I honestly do not know what to do anymore, I am a 21 year old male and I have told my story before, I grew up in care homes, moving around very often being fostered, then got adopted, put back in care, lost of trouble with the police, and a good few horrible horrible women in my life, been screwed over by many and had many of tough times, dad use to leave me on my own coping with people trying to break in, fighting at school and problems there, being homeless more times than I care to remember, man if I could explain everything in my life I could write 10 fucking books! I don't even know how I am still standing but life is a fight I guess!!!!

I manage to master my anxiety and attacks for almost 3 years, and recently it has been a slow and long painful walk.

I do a lot of work on the computer so I am always at it, rarely out and lately my thoughts of death have been coming back, I have the most amazing woman ever now and I am settled, good flat, money is fine, business doing well, nothing except my own mind is causing a problem.
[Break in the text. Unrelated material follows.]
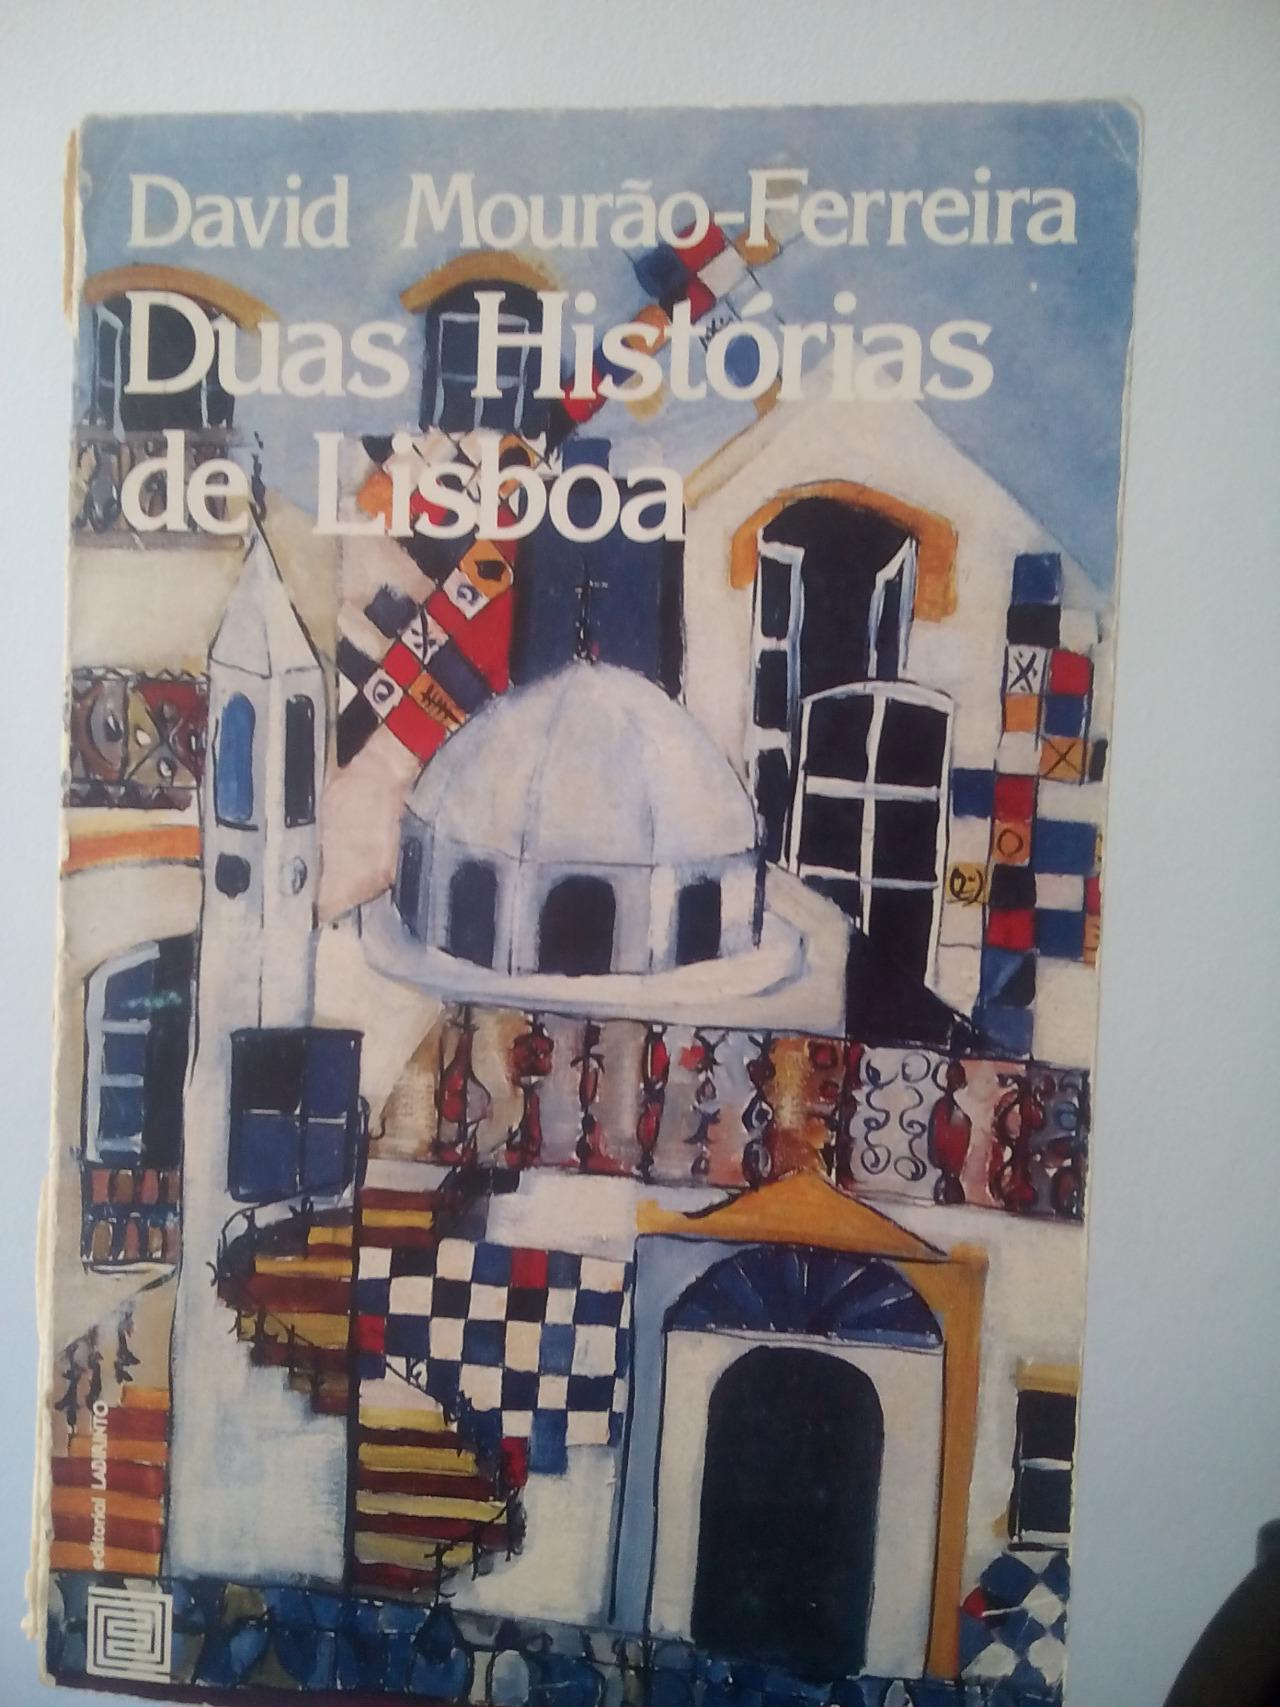 Duas histórias de Lisboa

It started with thinking about dying and how scary it is, and it went from there and the last 2 weeks have been hell, I have had to sleep on the sofa to feel safer, I don't feel safe in bed I feel like I will not wake up, some times over 48 hours I Had 3 and 4 hours sleep my body could literally not take it anymore I felt like passing out, yet I was so worked up scared and emotional I just wouldnt go to sleep no way

Then I have been very stressed with business expanding, work being demanding, life in itself and everything maybe I am stressed I could not say, but I work a full time job from home and run a business have our own place etc
So far it has been, stomach cancer, colon cancer?, collapsed bowel, brain tumor, heart attack, throat cancer, lung cancer, neck cancer and anything else I can think of.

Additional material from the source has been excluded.